> [Data block]:
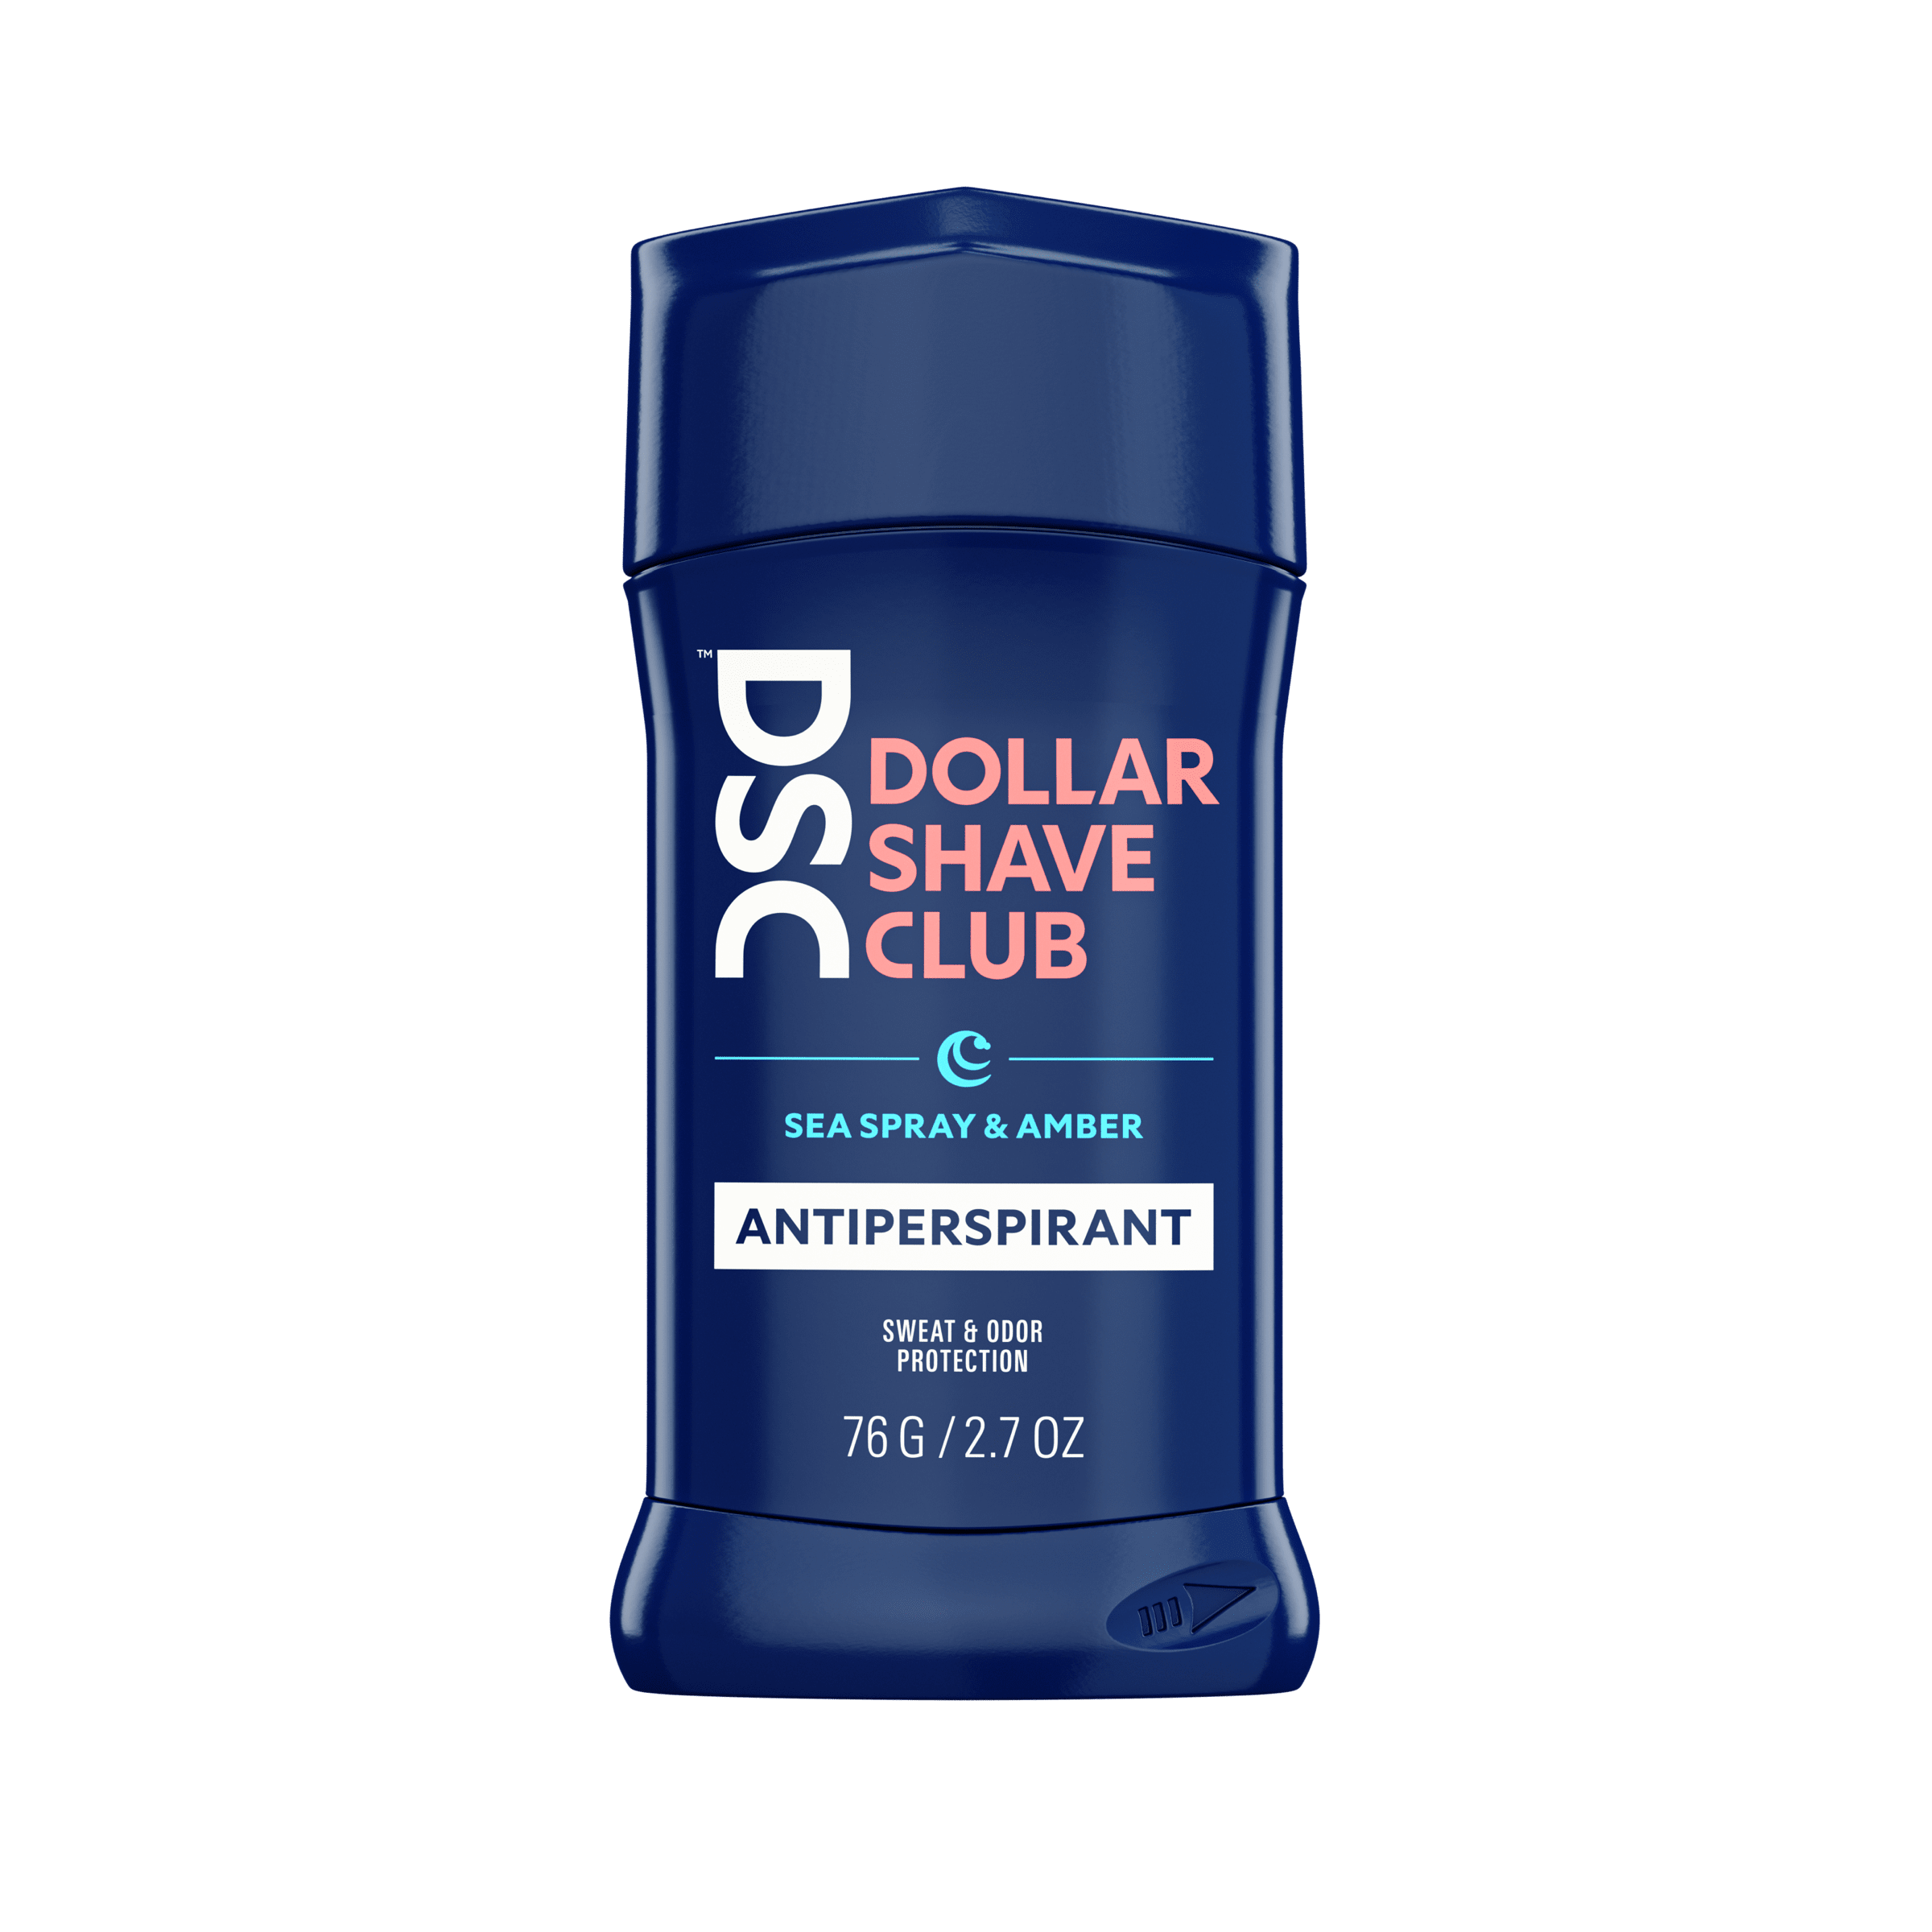 Dollar Shave Club Antiperspirant Sea Spray Amber against blank backdrop.
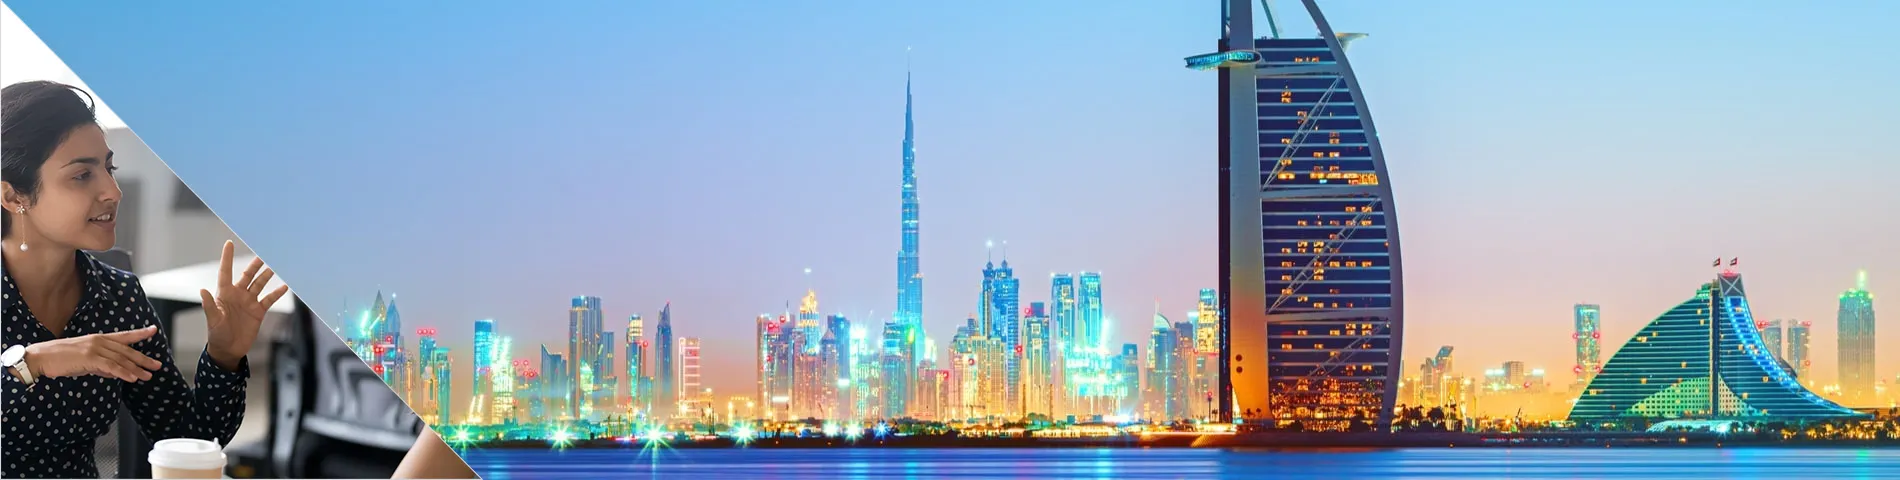 Дубай - Разговорная практика
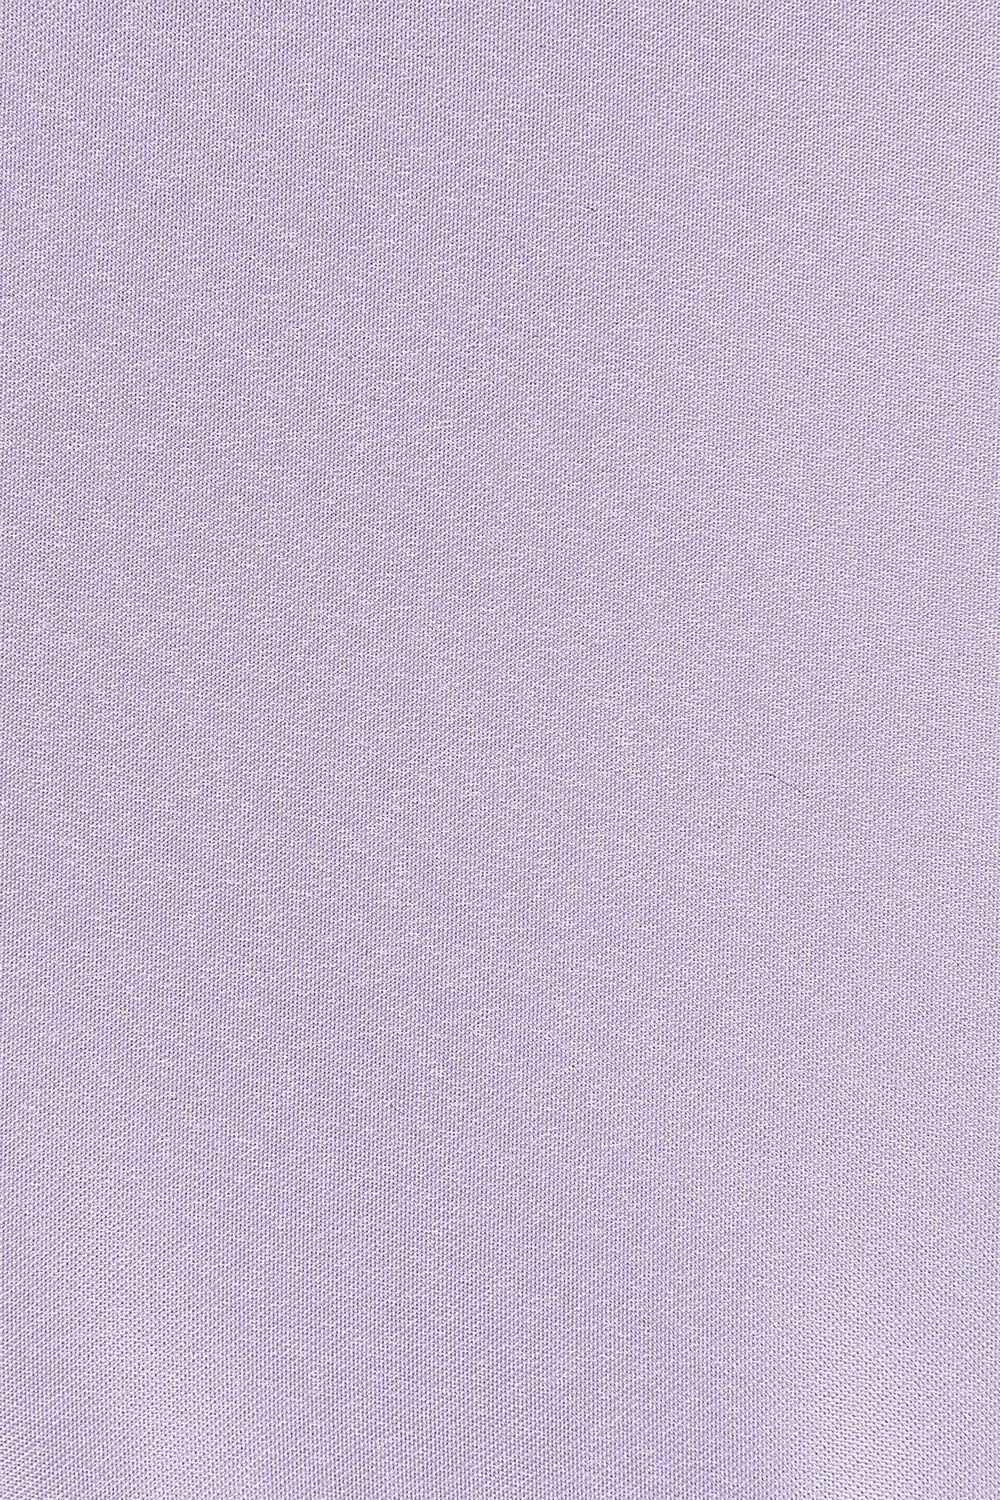 Plain lilac classic mens tie & pocket square set
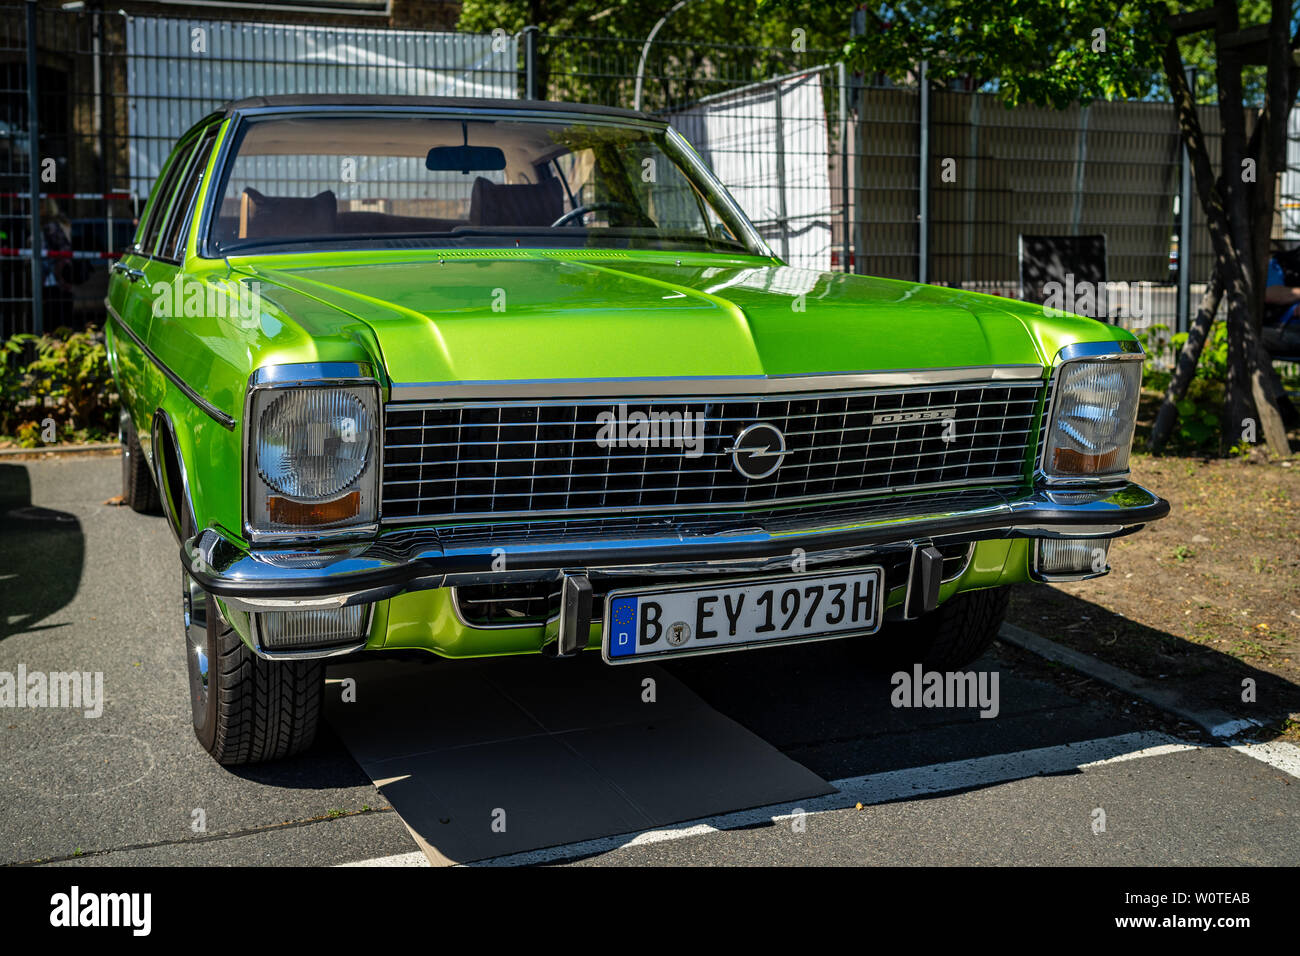 Opel diplomat -Fotos und -Bildmaterial in hoher Auflösung – Alamy

> [Exercise aim]: Once the pictures are dropped, please print every remaining line of the material verbatim.

> [Response to the exercise]:
 Dollar Shave Club Antiperspirant Sea Spray Amber against blank backdrop.
 Дубай - Разговорная практика
 Plain lilac classic mens tie & pocket square set
 Opel diplomat -Fotos und -Bildmaterial in hoher Auflösung – Alamy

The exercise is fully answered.